In the last decade, the GEP and genetic programming (GP) have been successfully used in water resources modelling issues (Azamathulla et al. 2010; Zakaria et al. 2010; Azamathulla and Ghani 2011). Furthermore, these methods were recommended as significant tools in environmental and river engineering problems (Chen et al. 2008; Aras et al. 2007; Mohammadpour et al. 2013b; Ghani and Azamathulla 2014; Mohammadpour et al. 2015b). Vink and Schot (2002) developed GP for optimization of drinking water. The performance of the GP was compared with analytic solution of a series of hypothetical case studies. Hashmi et al. (2011) developed GEP for downscaling of watershed precipitation in Canada. Azamathulla (2012) applied GEP for prediction of scour depth at downstream of sills. Ni et al. (2012) evaluated water storage in wetlands using the GP technique. The result indicated that the GP method can be used for estimation of water fluctuation in the wetlands. Azamathulla and Ahmad (2012) used GEP approach to predict the transverse mixing coefficient in open channel flows. Xu and Qin (2013) solved the problem related to agricultural water quality management by using a combination of GA and fuzzy simulation. Orouji et al. (2013) investigated the performance of GP and ANFIS-GP to estimate water quality parameters. Different combinations of data set were employed in their study, and the results showed that GP is superior to ANFIS for prediction of water quality parameters. Zaman Zad Ghavidel and Montaseri (2014) employed GEP and other artificial intelligence approaches to predict total dissolved solids in river basin. A comparison between all selected approaches emphasized the superiority of GEP over the other intelligent methods.

Recently, a lot of studies have been reported in literature regarding the application of ANNs in different fields such as water quality, wastewater treatment and other water resources problems (Singh et al. 2009; Civelekoglu et al. 2009; Verma and Singh 2013; Mohammadpour et al. 2013c, 2014b, 2015a). In the area of river management, ANNs was used to simplify and speed up the calculation of water quality index (Khuan et al. 2002; Juahir et al. 2004; Gazzaz et al. 2012).

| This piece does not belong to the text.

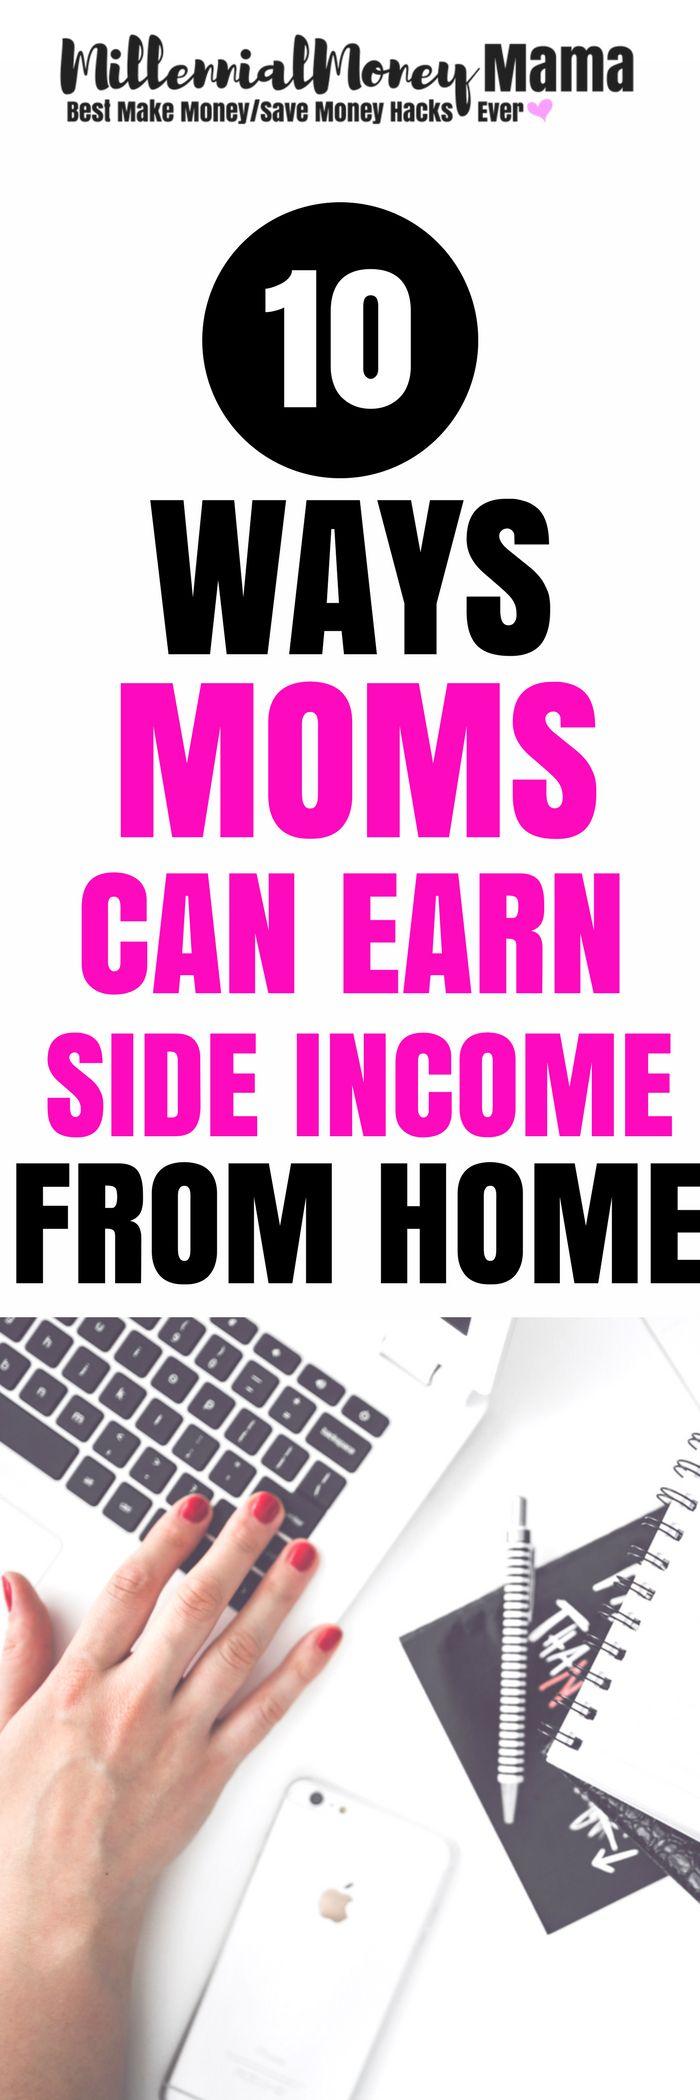 10 ways moms can earn side income from home #MAKEMONEYFROMEHOMELEGIT #makemoneyfromhomemoms #workfromhome #workfromhomemoms #sahm #stayathomemom #bloggingformoney #makemoneyonline #makemoneyonlinelegit

The ANNs was employed to determine water quality parameters and simulate wetlands processes (Wang et al. 2012; Kashefi Alasl et al. 2012; Li et al. 2013; Song et al. 2013). Schmid and Koskiaho (2006) developed ANNs to model concentrations of dissolved oxygen in free surface wetlands. They have also used ANNs to estimate the relative influence of flow rate and wind shear on near bottom oxygen saturation. The results indicated that ANNs was able to produce estimates of convective oxygen transport. Dadaser-Celik and Cengiz (2013) simulated the water level in wetlands using ANNs. It was found that the ANN method can successfully be employed to predict water levels in wetlands. Karthikeyan et al. (2013) developed ANNs to predict ground water levels in the upland of a tropical coastal wetland with fairly accurate results.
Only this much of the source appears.